I really didn't know how to answer that. Maybe it was like having a tattoo—which I don't have, so I'm entirely going on conjecture—where even though it's faded and looks more like a bruise and you have only a hazy recollection of why you wanted it in the first place, you'd still never get rid of it. Because it's part of your skin now. It's a scar, and scars mean something.

“This whole conversation is just making me sad,” Kelly said. “I'm going to go make dinner.”

She and Charlie left the office, leaving me with my Van Morrison. I waited until I could hear her footsteps down the hall before lifting the needle and moving it back to the beginning of “Dweller on the Threshold.”
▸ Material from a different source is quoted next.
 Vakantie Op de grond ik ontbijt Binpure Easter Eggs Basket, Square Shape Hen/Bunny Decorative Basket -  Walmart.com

When my mom asked me to accompany her on a trip down to Melbourne, Florida, to visit my ninety-four-year-old grandmother—who lived alone in a rickety house on the verge of collapsing—I immediately said yes.

Not because I had any interest in seeing that house again. Or because I was especially interested in being a part of their plot to
convince her to leave Florida and move up to Michigan, where she'd be closer to her children and grandchildren (and great-grandchildren). I was just there for the excavation, to help dig through all the trash in Grandma's house and find what deserved to be saved and what should be hauled away to a dump. I eagerly volunteered. Not out of any sense of altruism or interest in preserving the evidence of my family's history. But because I was pretty sure some of my records were in there somewhere.

Over the past half century, my grandmother's house had evolved into a sort of walk-in safe-deposit box. It's where we left everything we didn't want anymore but weren't ready to throw away, because what if we needed it?

My family has not historically been very good with the concept of throwing things away when they outlive their usefulness. And this includes pretty much everything. Clothes, appliances, furniture, food. Not because we're hoarders. We're just very, very cheap. Every relative in my gene pool is incapable of spending money on themselves without worrying that they might be squandering a financial safety net. Heaven forbid that there isn't cash hidden somewhere, to help cushion the blow of that stroke they're pretty sure is just around the corner, or that car accident that robs them of at least one of their essential limbs, or the aneurysm that hits them like lightning when they're innocently trying to shop for groceries, and the house of cards that is life comes tumbling down around them and they have to somehow find a way to pay off the never-ending ticker tape of medical bills.